By analyzing existing cross correlation between Red Robin Gourmet and Dennys Corp, you can compare the effects of market volatilities on Red Robin and Dennys Corp and check how they will diversify away market risk if combined in the same portfolio for a given time horizon. You can also utilize pair trading strategies of matching a long position in Red Robin with a short position of Dennys Corp. Check out your portfolio center. Please also check ongoing floating volatility patterns of Red Robin and Dennys Corp.

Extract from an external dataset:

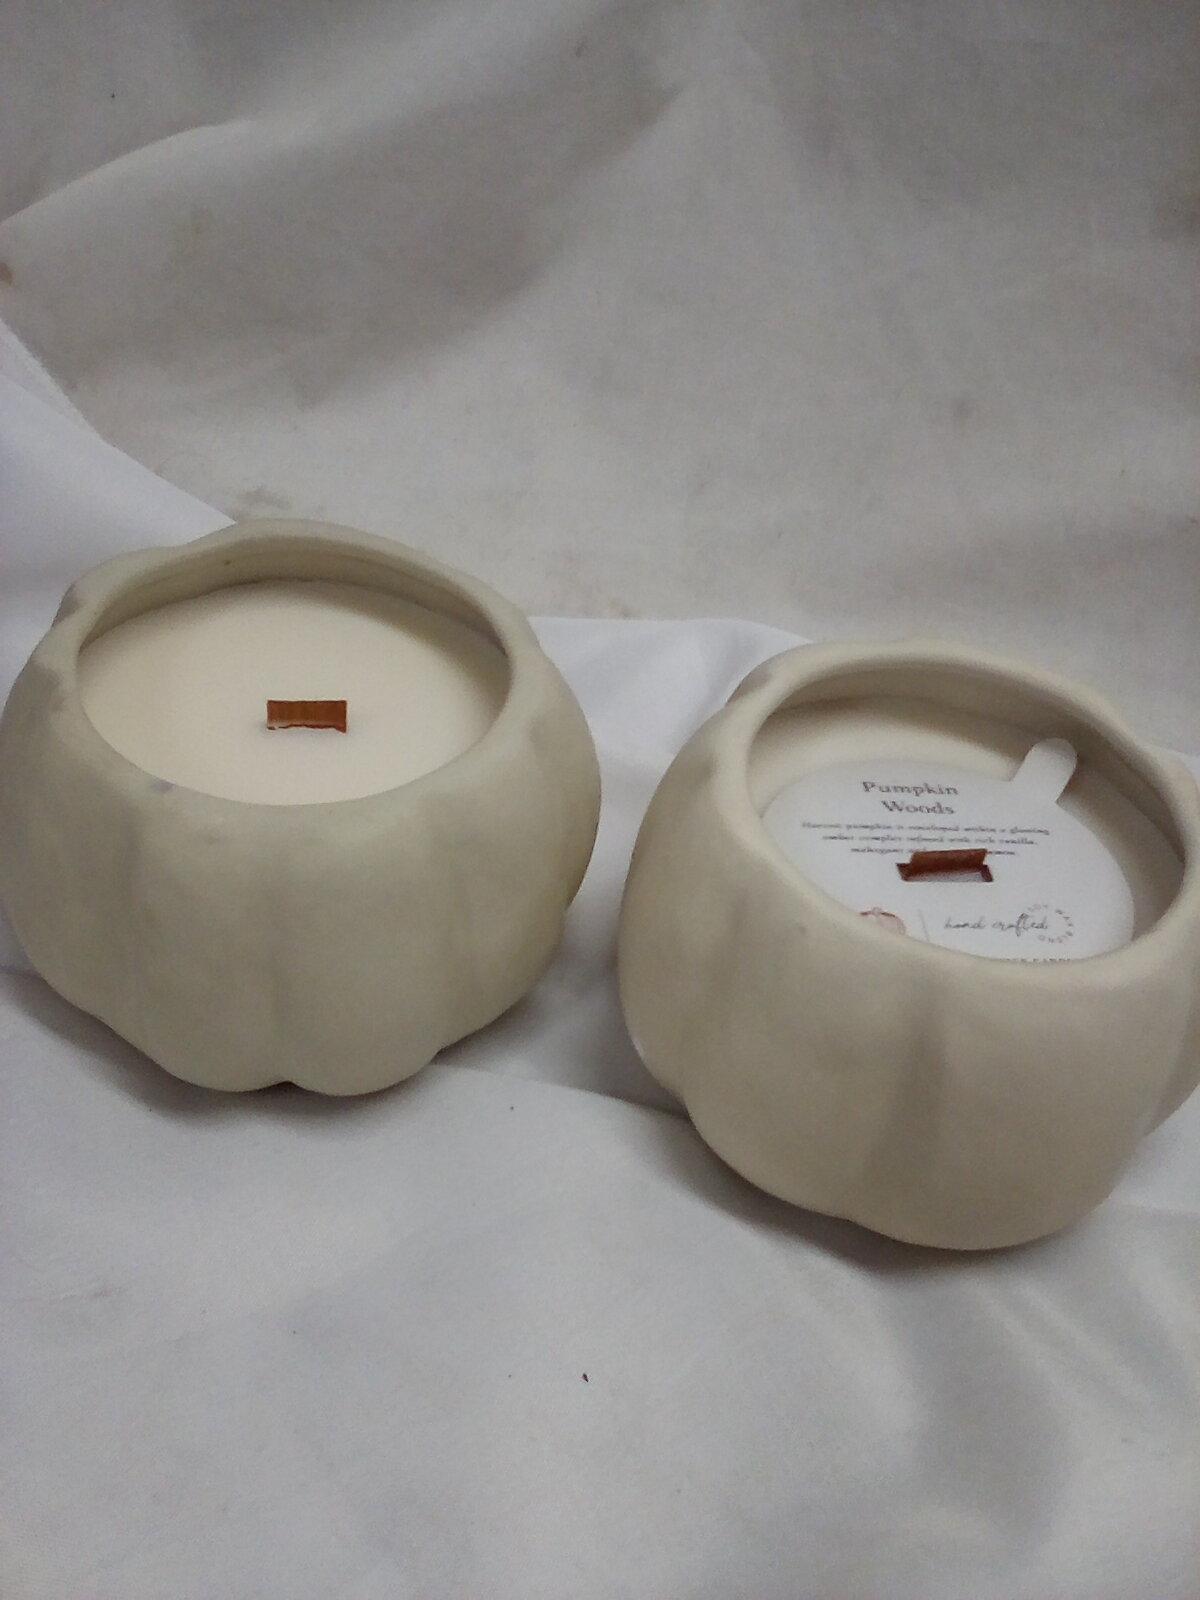 QTY 2 Pumpkin Woods crackling wooden wick candle MSRP: 15.00 each

Diversification Opportunities for Red Robin and Dennys Corp

0.5
  Correlation Coefficient

Very weak diversification

The 3 months correlation between Red and Dennys is 0.5. Overlapping area represents the amount of risk that can be diversified away by holding Red Robin Gourmet and Dennys Corp in the same portfolio, assuming nothing else is changed. The correlation between historical prices or returns on Dennys Corp and Red Robin is a relative statistical measure of the degree to which these equity instruments tend to move together. The correlation coefficient measures the extent to which returns on Red Robin Gourmet are associated (or correlated) with Dennys Corp. Values of the correlation coefficient range from -1 to +1, where. The correlation of zero (0) is possible when the price movement of Dennys Corp has no effect on the direction of Red Robin i.e., Red Robin and Dennys Corp go up and down completely randomly.

Pair Corralation between Red Robin and Dennys Corp

Given the investment horizon of 90 days Red Robin Gourmet is expected to under-perform the Dennys Corp. But the stock apears to be less risky and, when comparing its historical volatility, Red Robin Gourmet is 2.37 times less risky than Dennys Corp. The stock trades about -0.57 of its potential returns per unit of risk. The Dennys Corp is currently generating about -0.14 of returns per unit of risk over similar time horizon. If you would invest  670.00  in Dennys Corp on November 28, 2024 and sell it today you would lose (149.00) from holding Dennys Corp or give up 22.24% of portfolio value over 90 days.
Time Period3 Months [change]
DirectionMoves Together 
StrengthWeak
Accuracy100.0%
ValuesDaily Returns

Red Robin Gourmet  vs.  Dennys Corp

 Performance 
       Timeline  
Red Robin Gourmet 

Risk-Adjusted Performance

Very Weak

 
Weak
 
Strong
Over the last 90 days Red Robin Gourmet has generated negative risk-adjusted returns adding no value to investors with long positions. Despite unfluctuating performance in the last few months, the Stock's technical and fundamental indicators remain somewhat strong which may send shares a bit higher in March 2025. The current disturbance may also be a sign of long term up-swing for the company investors.
Dennys Corp 

Risk-Adjusted Performance

Very Weak

 
Weak
 
Strong
Over the last 90 days Dennys Corp has generated negative risk-adjusted returns adding no value to investors with long positions. In spite of uncertain performance in the last few months, the Stock's basic indicators remain very healthy which may send shares a bit higher in March 2025. The recent disarray may also be a sign of long period up-swing for the firm investors.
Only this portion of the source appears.